> _Task goal_: Take from the entries below the stretch from the line with "zu sehen ist" through the line with "子育て中にでてくる天使と悪魔の誘惑!?こんな時、どうする?の画像1", and return it exactly, leaving the pictures out.

> _Extracted information_:

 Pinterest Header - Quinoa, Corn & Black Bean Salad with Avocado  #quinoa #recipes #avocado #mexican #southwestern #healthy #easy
==
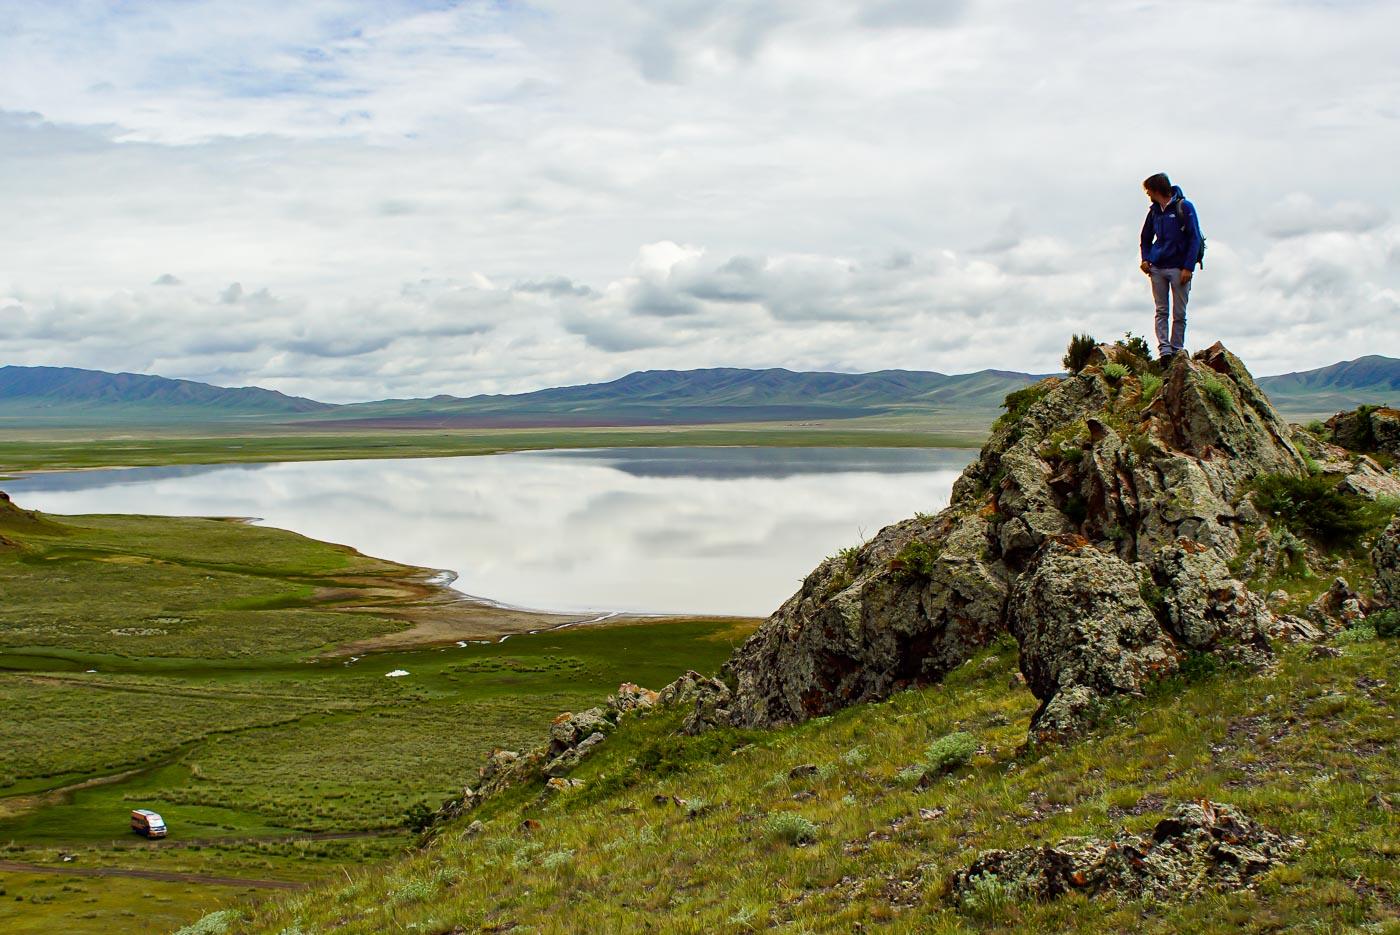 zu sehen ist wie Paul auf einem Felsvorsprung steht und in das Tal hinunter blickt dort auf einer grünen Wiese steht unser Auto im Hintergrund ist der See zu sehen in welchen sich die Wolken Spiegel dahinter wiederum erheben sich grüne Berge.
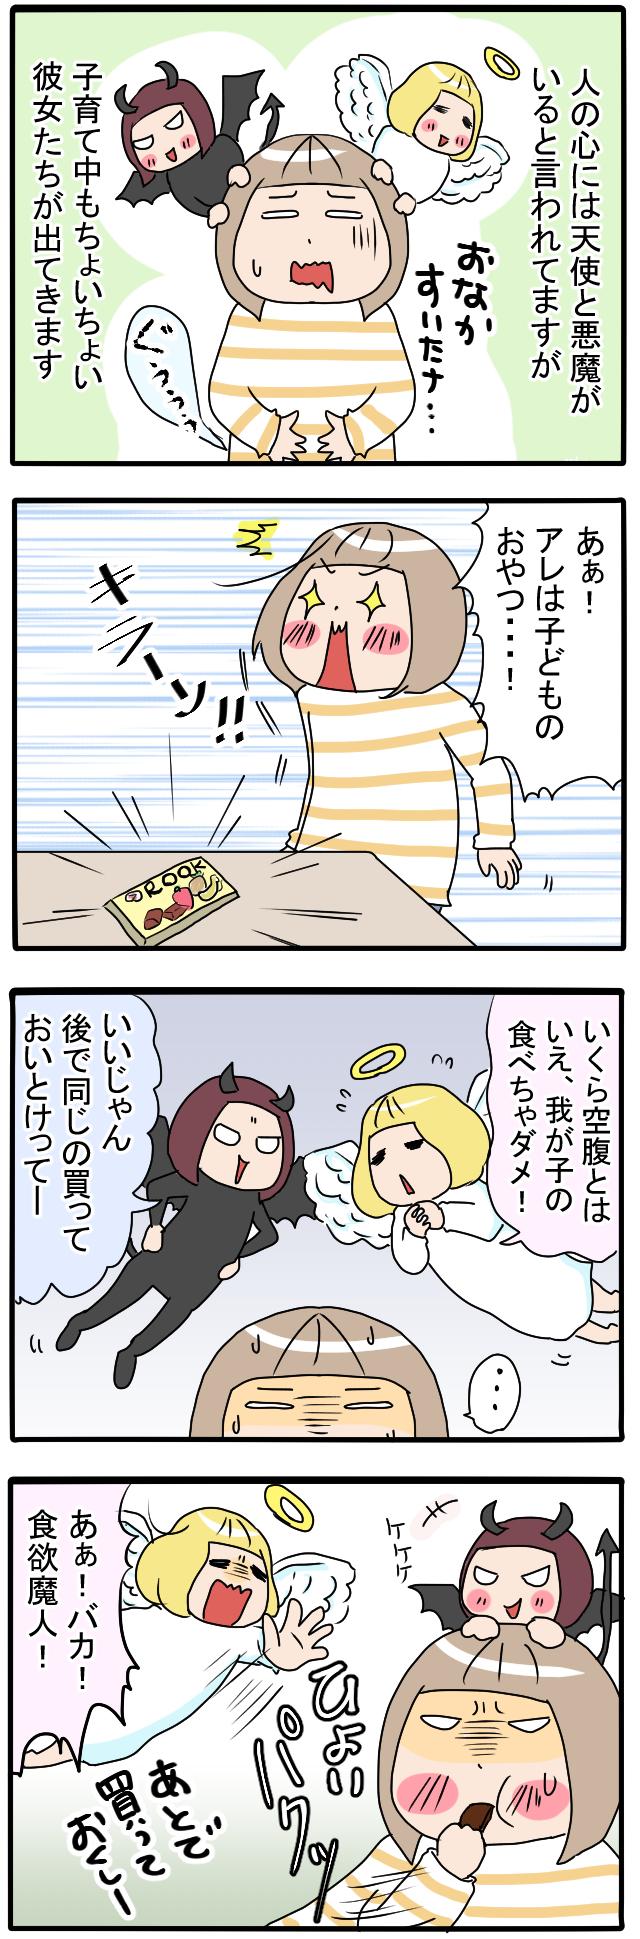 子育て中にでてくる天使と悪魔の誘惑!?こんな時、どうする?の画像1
---
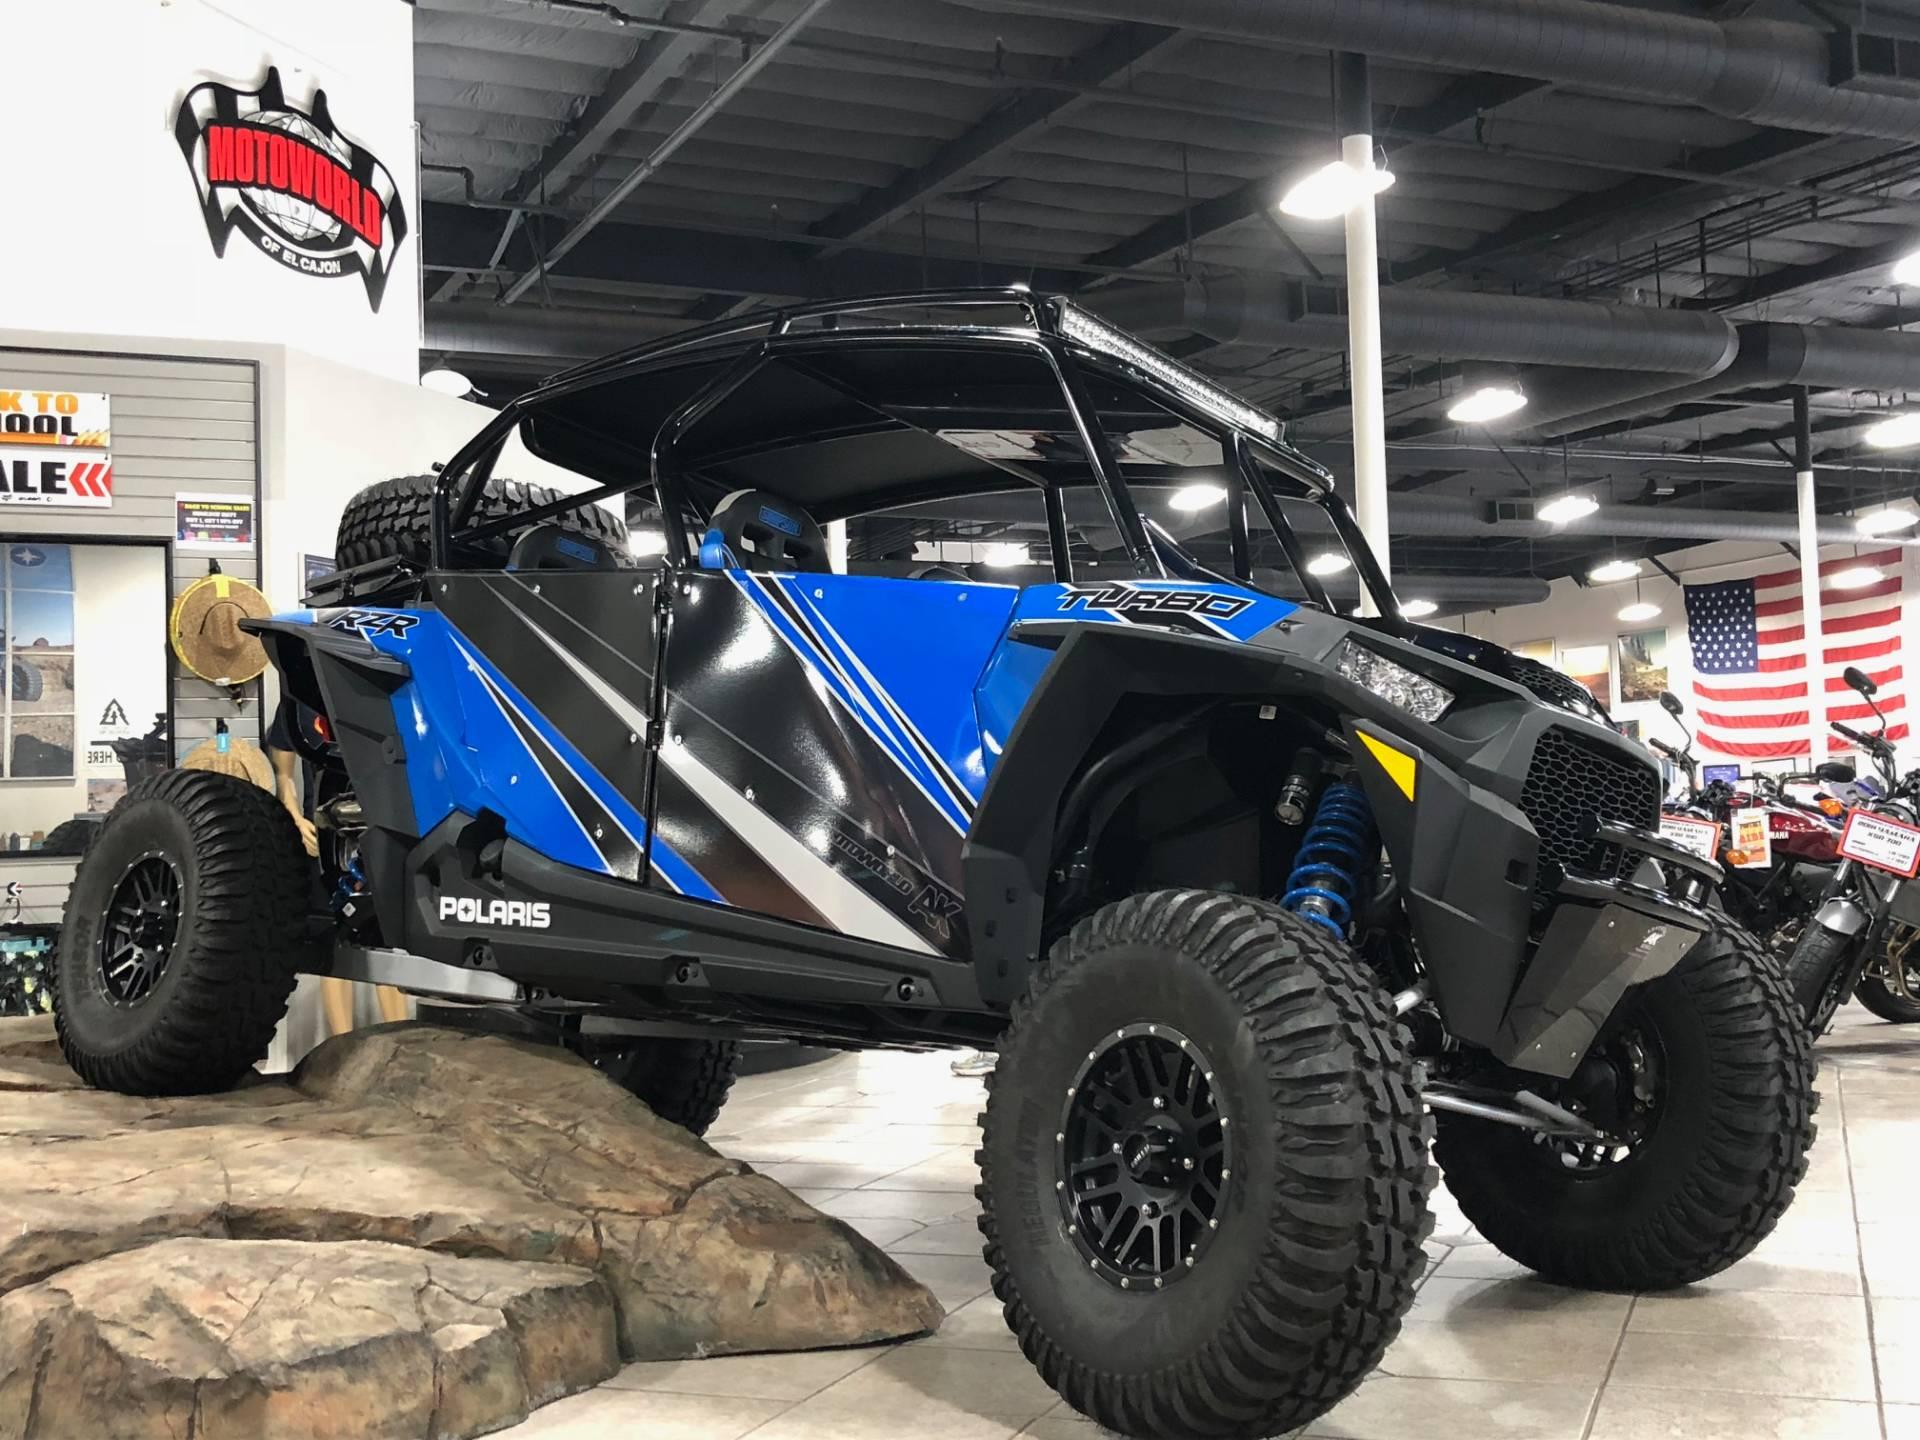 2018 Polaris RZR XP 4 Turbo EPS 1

> _Written answer_:
 zu sehen ist wie Paul auf einem Felsvorsprung steht und in das Tal hinunter blickt dort auf einer grünen Wiese steht unser Auto im Hintergrund ist der See zu sehen in welchen sich die Wolken Spiegel dahinter wiederum erheben sich grüne Berge.
 子育て中にでてくる天使と悪魔の誘惑!?こんな時、どうする?の画像1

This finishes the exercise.